January 8th, 2014

PMQs Live Chat: Boring Snoring Edition


Comments in the comments please…


  1. 1
    EU Funded Pro-EU Troll says:

    Vote UKIP

  2. 2
    Jasmin Beckett says:

    I want everyone who disagrees with me dead.

  3. 3
    Compare G'oggins with Cameron says:

    Dave to Michael Meacher: Are you on drugs ?

  4. 4
    RED ED - SON OF BROWN says:


  5. 5
    A Toggle and Two says:

    Ed Miliband. A prick between two balls

  6. 6
    Spot the Ball says:

    Where’s Harman ?

  7. 7
    Mitch says:

    5 soldiers died in separate incidents but 90% of the guff from the Commons is about an MP!

  8. 8
    YUK YUK YUK says:

    After some excellent tributes to PG Ed Miliband’s well rehearsed effort was ridiculously syrupy

  9. 9
    Reader says:

    Mr Goggins sounds like he was a marvel. I’d only hear about him one or two days ago.

  10. 10
    Spartacus says:

    vote more money to greece!

  11. 11
    Ed Miliband says:

    It’s in your DNA as a socialist.

  12. 12
    Can't help noticing says:

    Mrs Balls is not wearing well

  13. 13
    Spartacus says:


  14. 14
    Point of Information says:

    Didn’t the locals tell Dave to sling his hook when he went down to Kent to look at the wet carpets.

    And is not most of the flooding happening on known flood planes, and around rivers which the EA cannot be arsed to clear the silt from ?

  15. 15
    Dave Cameron says:

    Lessons will be learned

  16. 16
    Ed Militurney says:

    Climate Change

  17. 17
    Cliche Watch says:

    Must be a record. They held off lessons learned for seven minutes.

    But they still don’t learn.

  18. 18
    Reader says:

    She’s been spending too much time with her family

  19. 19
    Casual Observer 5 says:

    Have they got Russ!an guns trained on them ? They seem to be a bit somber…

  20. 20
    Long John Silver's parrot says:

    What ?
    State Officials ?
    Cannot be arsed ?

    Surely some mistake here .

  21. 21
    Mitch says:

    Inadequate dredging is indeed a big problem. That’s a lesson we did learn and then promptly forgot.

  22. 22
    Sane Voter says:

    I would rather eat Diane Abbot’s faeces.

  23. 23
    A Mystery says:

    It is a complete mystery why the EA won’t dredge rivers. It is cheap and was always done in the past and it works. Perhaps they prefer vanity high cost, high visibility flood prevention schemes?

  24. 24
    Casual Observer 5 says:

    Why do families which are hard working require benefits to pay their rent ?

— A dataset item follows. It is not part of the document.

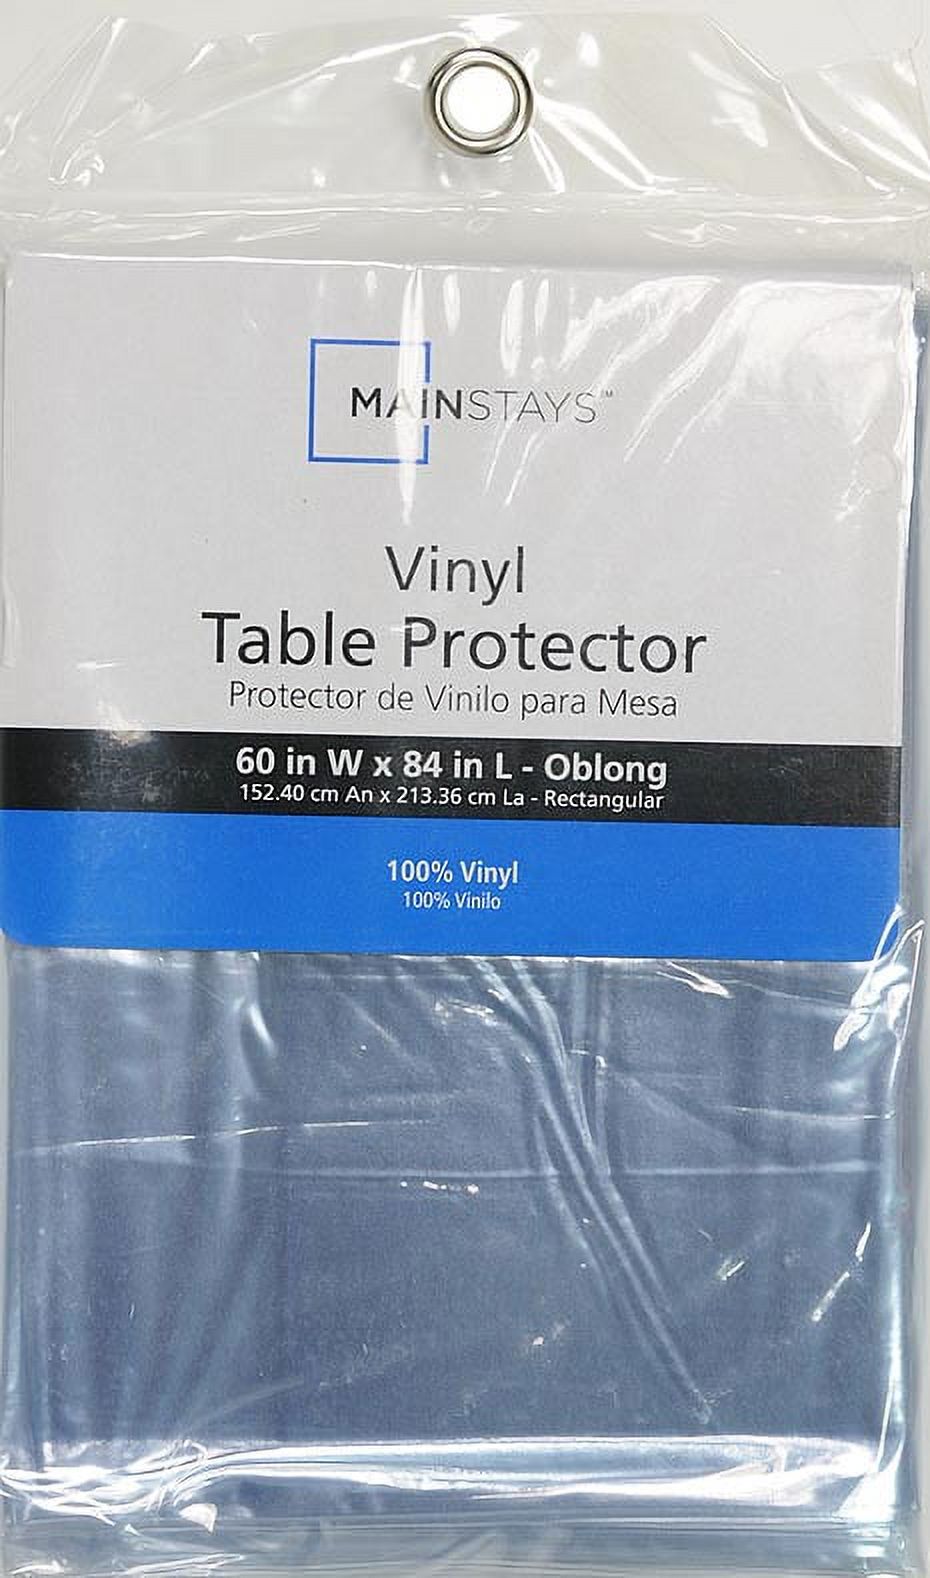 Mainstays Vinyl Protector Tablecloth Protector, Clear, 60"W x 84"L - image 2 of 5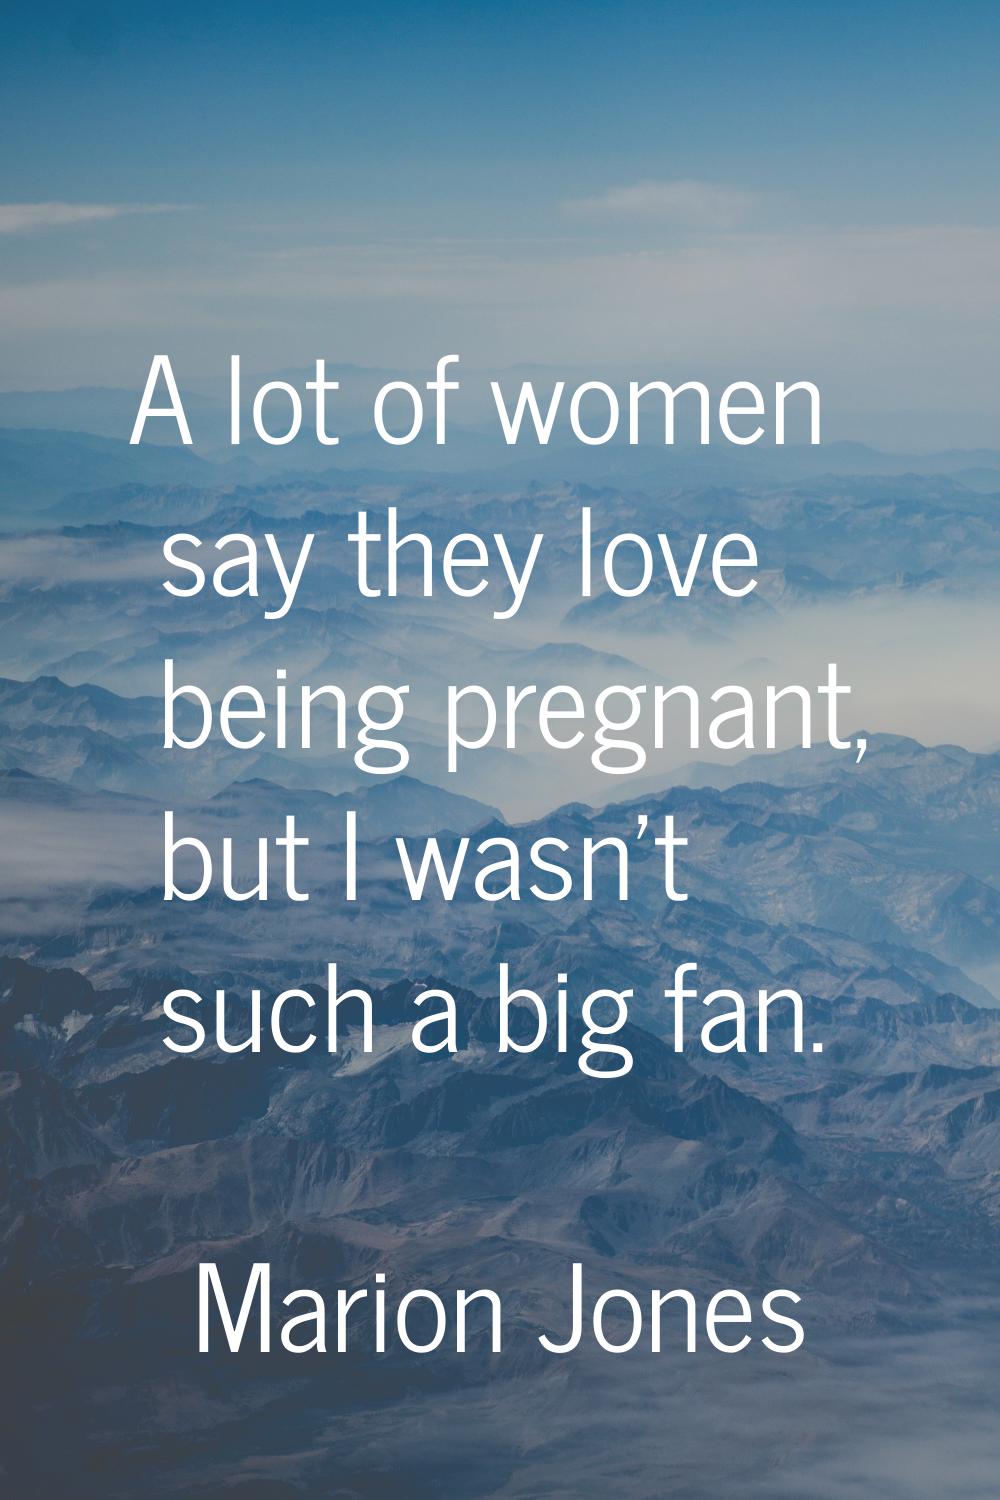 A lot of women say they love being pregnant, but I wasn't such a big fan.

    There is the problem right there.

  25. 25
    Dave Cameron says:

    Difficult decisions

  26. 26
    Casual Observer 5 says:

    Perhaps spending too much time and budget on diversity bollocks.

  27. 27
    Ed Miligamble says:

    Bet on me

  28. 28
    Long John Silver's parrot says:

    Most of his constituents are unemployed in arrears with their rents and on drugs.

    He was a truly marvelous MP.

  29. 29
    Dave the fixed odds propaganda mouthpiece says:

    Lessons will be learned… Lessons will be learned… Lessons will be learned…

  30. 30
    Lateral Thought says:

    Perhaps increasing flood risk is a good way of increasing insurance premiums for flood coverage. Any VI’s in the insurance industry involved here ?

  31. 31
    Dave Cameron says:

    We’ll be reporting in the spring…

  32. 32
    Milbandwagon says:

    Stuff those – simply promise whatever the electors want to hear. Populism rules. Hang principle.

  33. 33
    M102 says:

    Camoron just missed a chance to kick labour in the nuts over gambling. What a tw@t.

  34. 34
    Europhile Dave says:

    What about the EU and the M1 in Yorkshire Dave?

  35. 35
    Red Cameron says:

    He shares the socialist dream of a UK under a blue flag with yellow stars.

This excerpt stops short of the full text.